**Task description:**
Every line of the listing should be retyped exactly, but none of the pictures should be.

**The data:**

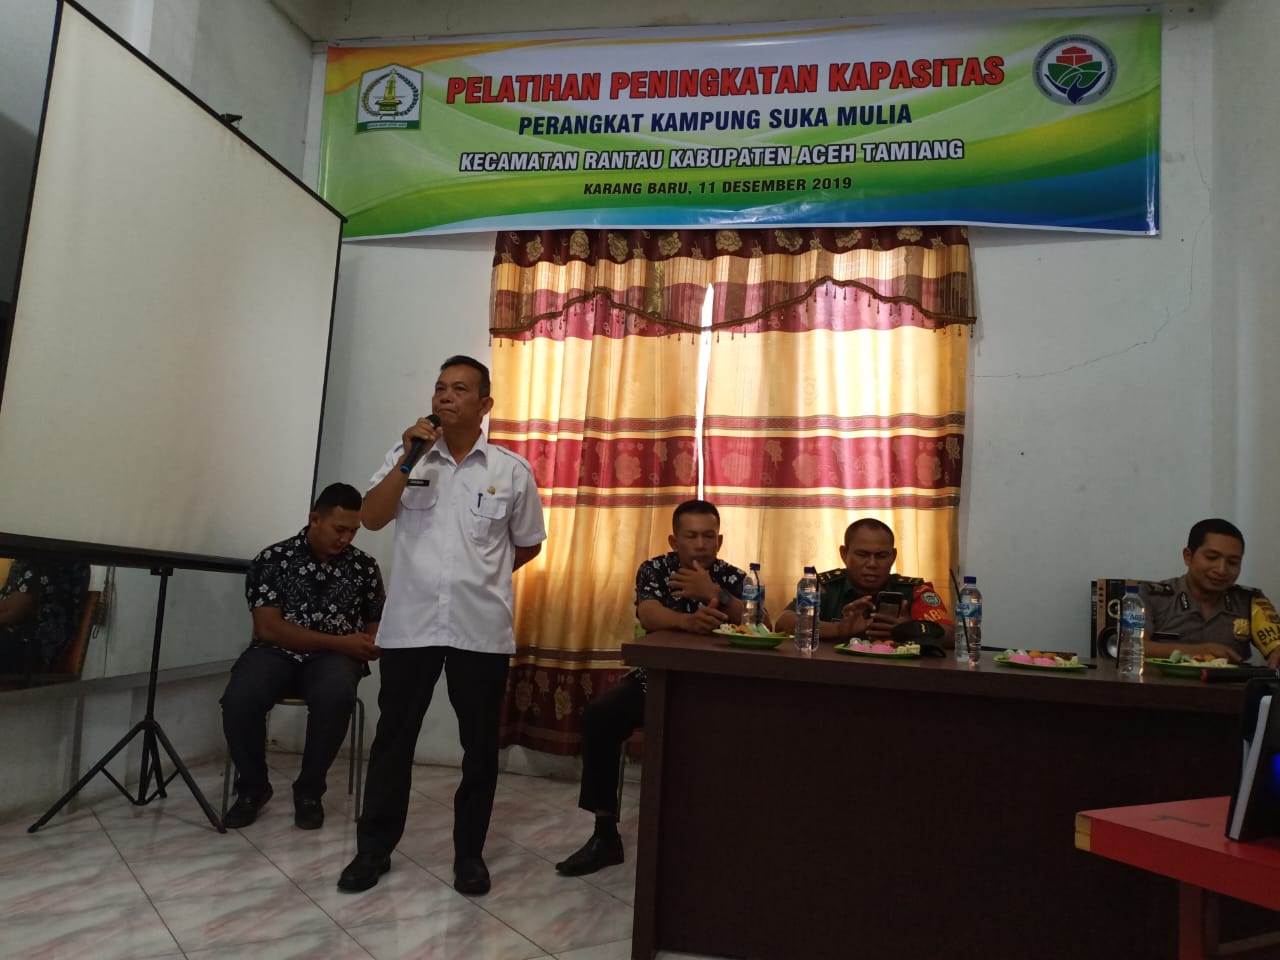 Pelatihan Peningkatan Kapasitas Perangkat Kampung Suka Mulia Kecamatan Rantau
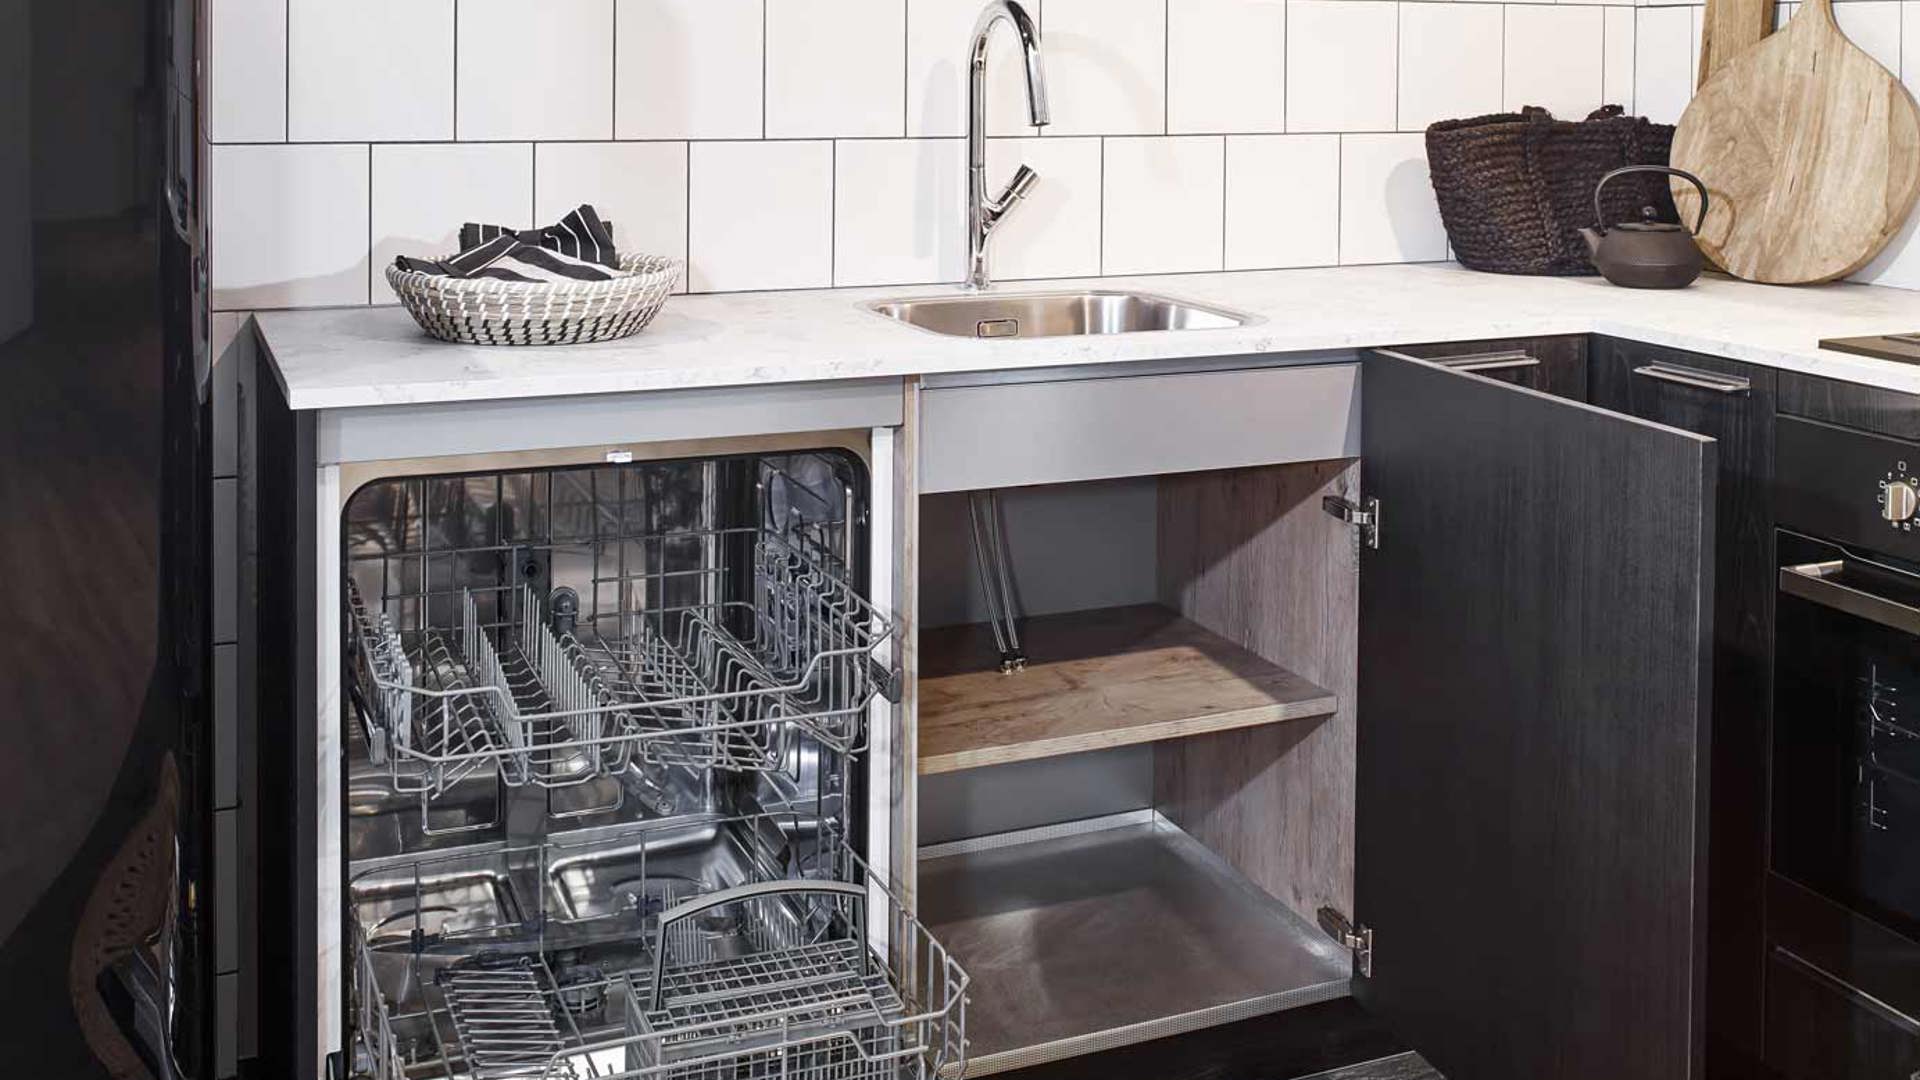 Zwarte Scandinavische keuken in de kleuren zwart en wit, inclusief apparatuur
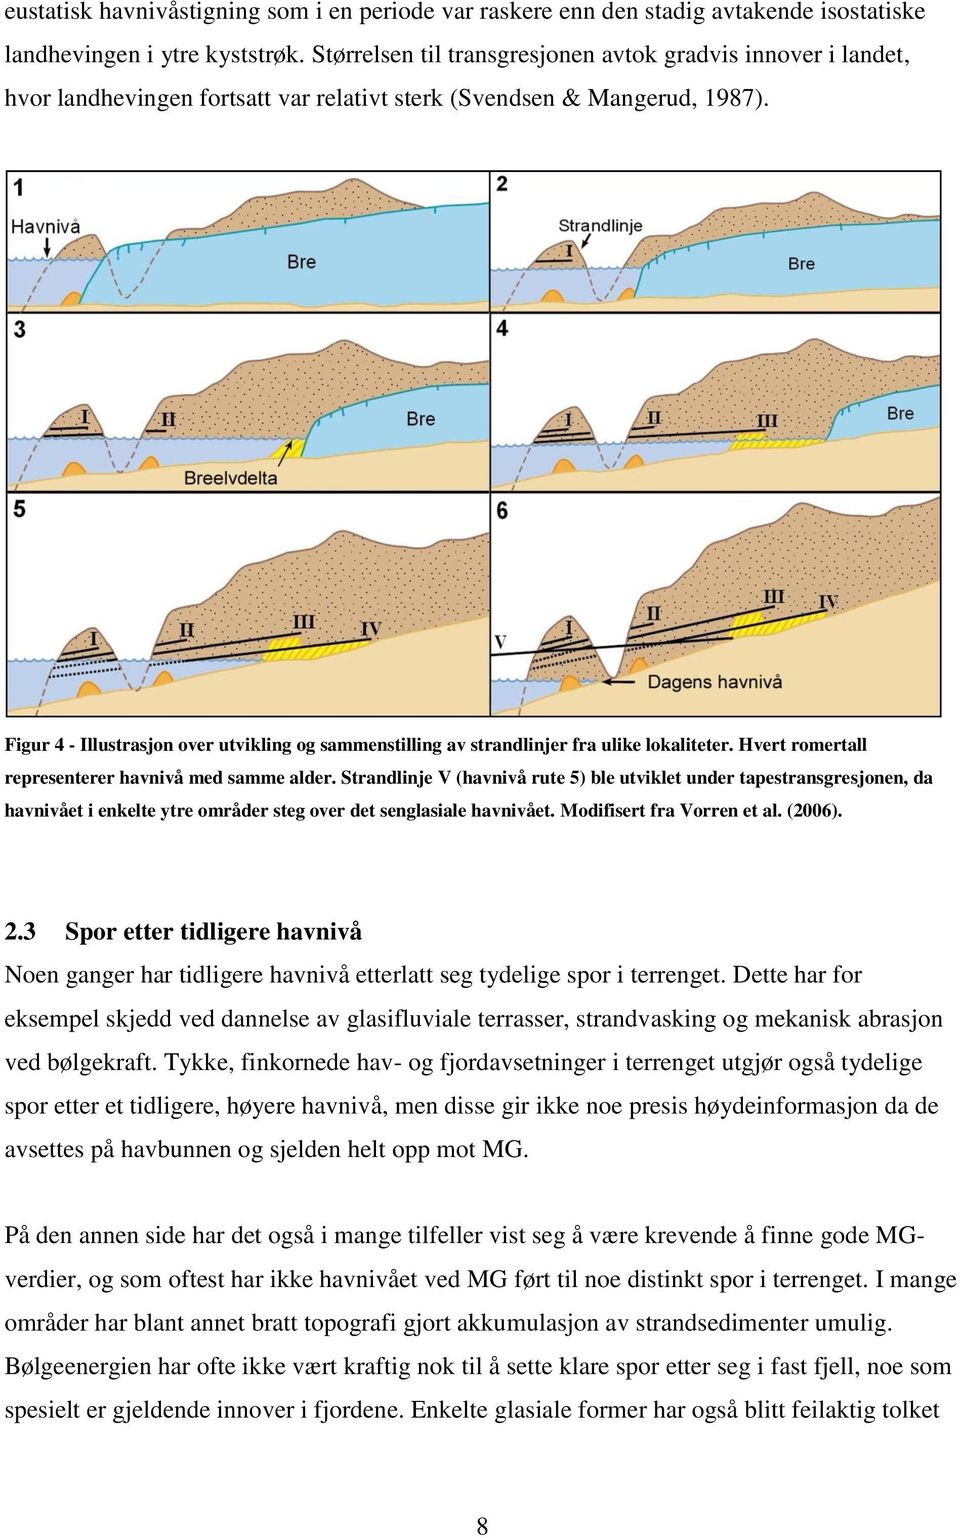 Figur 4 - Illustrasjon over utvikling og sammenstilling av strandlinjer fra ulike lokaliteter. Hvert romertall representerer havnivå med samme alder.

**Result of this task:**
 Pelatihan Peningkatan Kapasitas Perangkat Kampung Suka Mulia Kecamatan Rantau
 Zwarte Scandinavische keuken in de kleuren zwart en wit, inclusief apparatuur
 Figur 4 - Illustrasjon over utvikling og sammenstilling av strandlinjer fra ulike lokaliteter. Hvert romertall representerer havnivå med samme alder.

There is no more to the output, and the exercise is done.